The problem you are having stems from the fact that hashMap.get(item)returns an Object, but your method signature specifies that you need to return a long.

您遇到的问题源于hashMap.get(item)返回 a的事实Object，但您的方法签名指定您需要返回 a long。

public long getItemId(int position) {   // you say you will return a long
    String item = getItem(position);
    return hashMap.get(item);           // but try to return an Object
}

There is no way in Java for the JVM to automaticallyconvert any random Objectinto a long, so the compiler is giving you that error.

Java 中没有办法让 JVM自动将任何 randomObject转换为 a long，因此编译器会给你那个错误。

There are a couple ways to fix this.

有几种方法可以解决这个问题。

The Wrong Way

错误的方法

The first (bad) way is castthe variable you are getting from the map to longlike so:

第一种（坏）方法是将您从地图中获取的变量转换为long如下所示：

public long getItemId(int position) {   // you say you will return a long
    String item = getItem(position);
    return (long)hashMap.get(item);     // and you return a long
}

This will make your code compile, but effectively what you are doing here is promising the compiler that you are really, reallysure that what you put in the Mapis a Long. At this point the compiler will attempt to unbox the Longinto a longand return it. If it really was a Longthis will work, and if not you will get a ClassCastExceptionthrown.

这将使您的代码编译，但实际上您在这里所做的是向编译器保证您确实，非常确定您放入Map的Long. 此时，编译器将尝试拆箱Long成long和返回。如果它真的是一个，Long这将起作用，否则你会被ClassCastException抛出。

The Right Way

正确的方式

In newer versions of Java, there is something called Generics. Using Generics you can specify the allowed type of object which can be added to a container when you define it, like so:

在较新版本的 Java 中，有一种叫做泛型的东西。使用泛型，您可以指定允许的对象类型，在定义容器时可以将其添加到容器中，如下所示：

// create a HashMap where all keys are Objects and all values are Longs
Map<Object, Long> hashMap = new HashMap<>();

public long getItemId(int position) {   // you say you will return a long
    String item = getItem(position);
    return hashMap.get(item);           // no cast is required
}

Now, the compiler will only allow values of type Longto be stored in your map, and anything you get()from it will automatically be a Long, removing the need (and danger) of casting the return type.

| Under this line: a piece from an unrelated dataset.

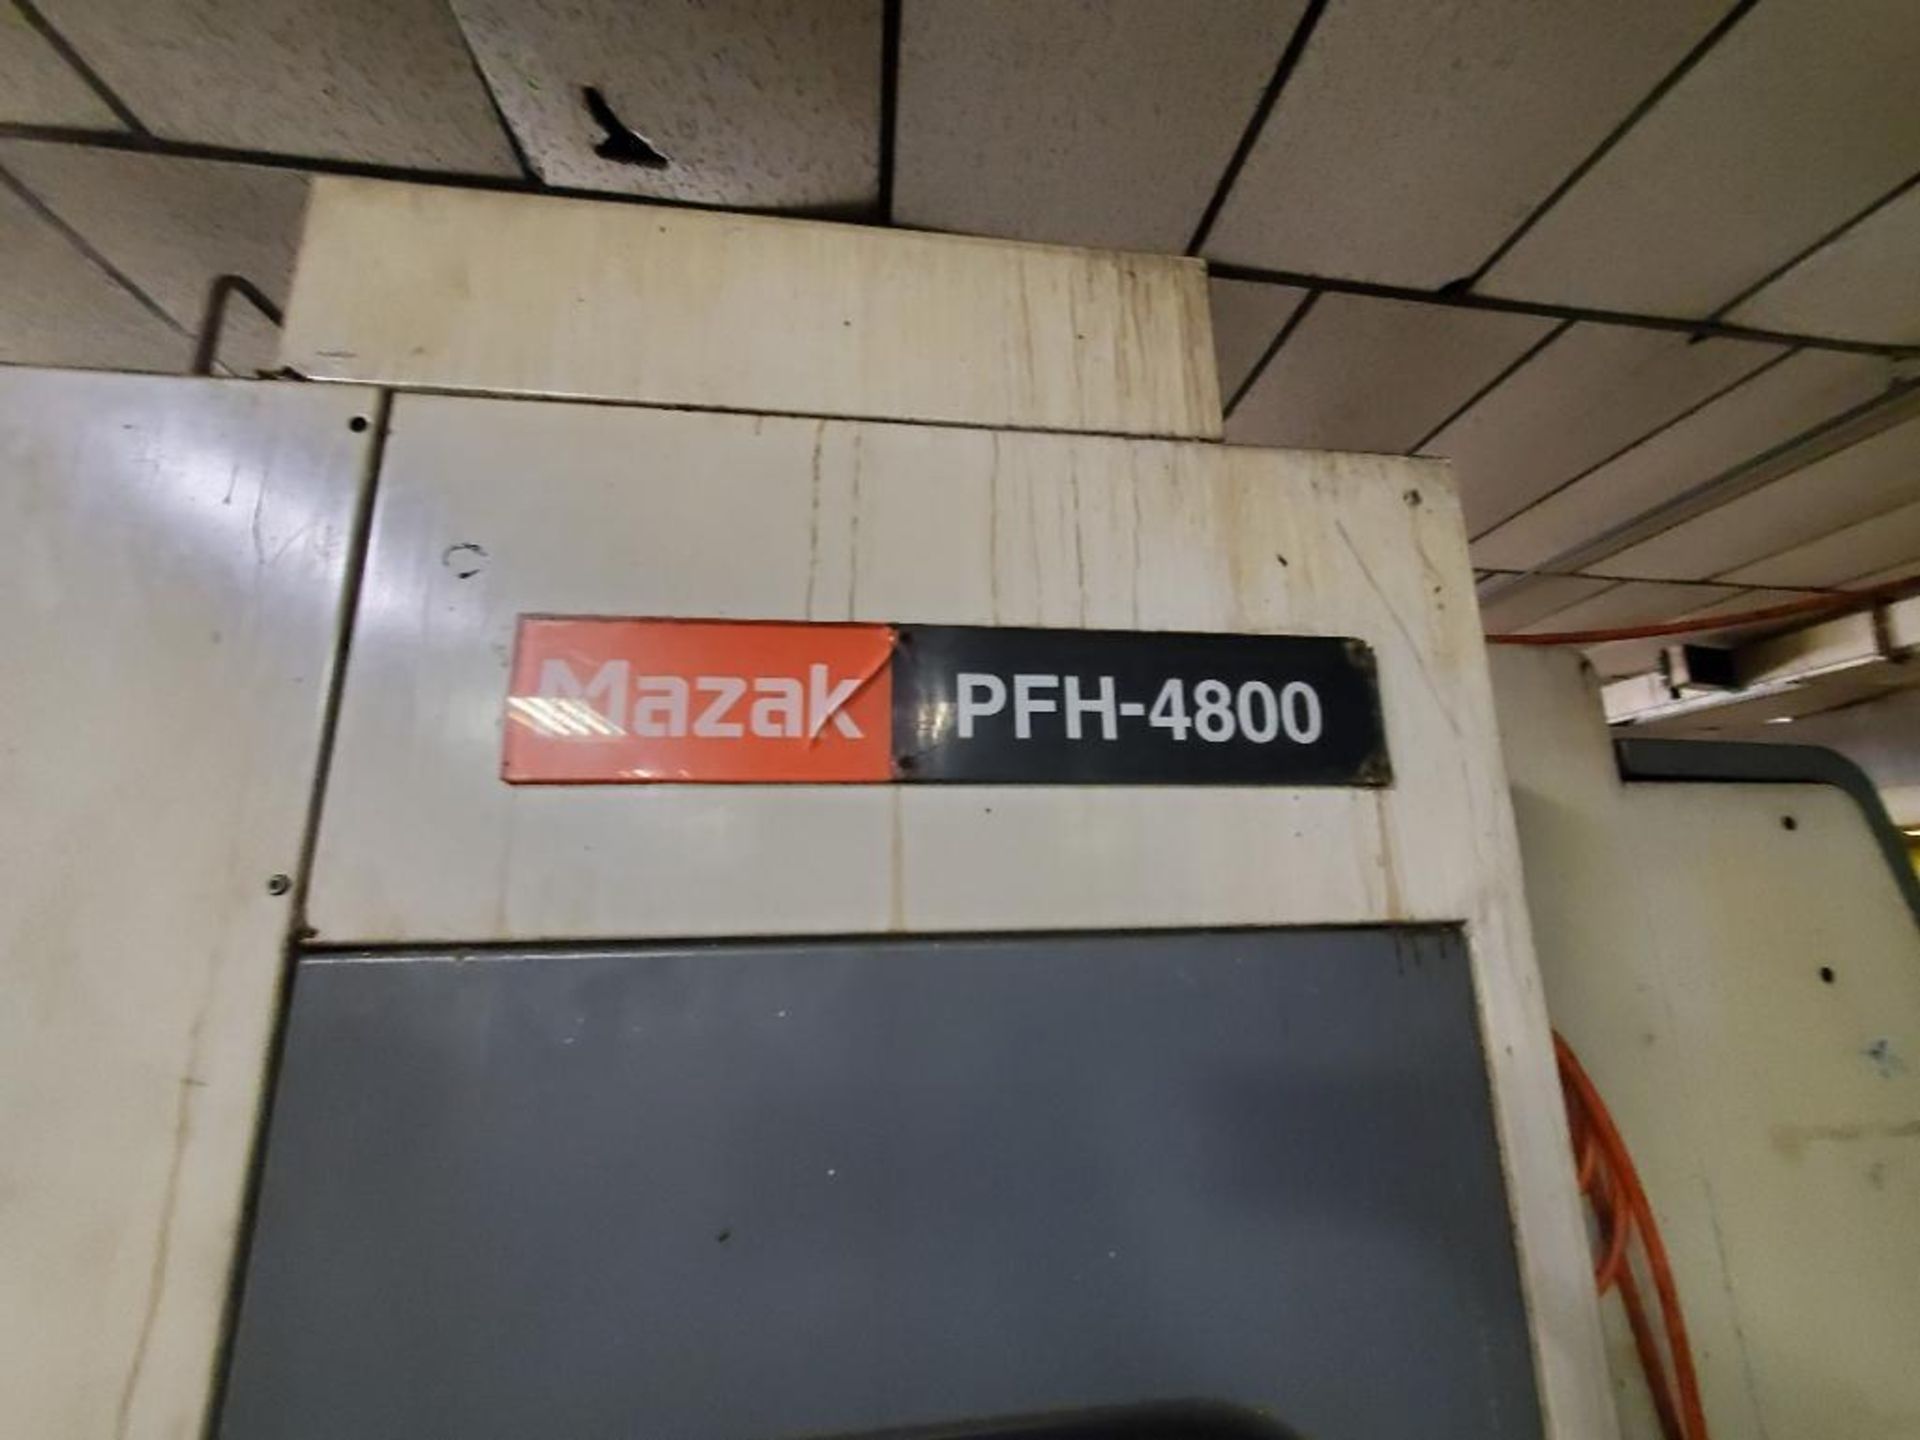 Mazak Machining center. Model PFH-4800. Serial number 162398. Mfg Date 10/02. - Image 8 of 16

现在，编译器将只允许 type 的值Long存储在您的地图中，并且您get()从中获得的任何内容都将自动成为 a Long，从而消除了转换返回类型的需要（和危险）。

First of all you should declare type params in your hashmap like so:

首先，您应该在哈希图中声明类型参数，如下所示：

HashMap<String, Long> hashMap = new HashMap<String, Long>();

Then you should be able to cast the hash map value to long implicitly without a problem.

然后，您应该能够毫无问题地将哈希映射值隐式转换为 long。

The first error is telling you that the function "getItemId(int position)" does not exist anywhere else in your inheritance tree (namely above your current file). Therefore, you don't want the "@override" before the function name.

第一个错误是告诉您函数“getItemId(int position)”在继承树中的其他任何地方都不存在（即在当前文件之上）。因此，您不希望在函数名称之前出现“@override”。

Also, your hashmap does not declare the type of data it holds. When you call hashmap.getItem(position) it is returning an object of some type and your function definition says it returns a long, therefore you need to be sure your hashmap contains either longs or something that can be converted to a long, and that is what is returned from getItem.

此外，您的哈希图没有声明它所持有的数据类型。当您调用 hashmap.getItem(position) 时，它返回某个类型的对象，并且您的函数定义说它返回一个 long，因此您需要确保您的 hashmap 包含 long 或可以转换为 long 的内容，并且是从 getItem 返回的内容。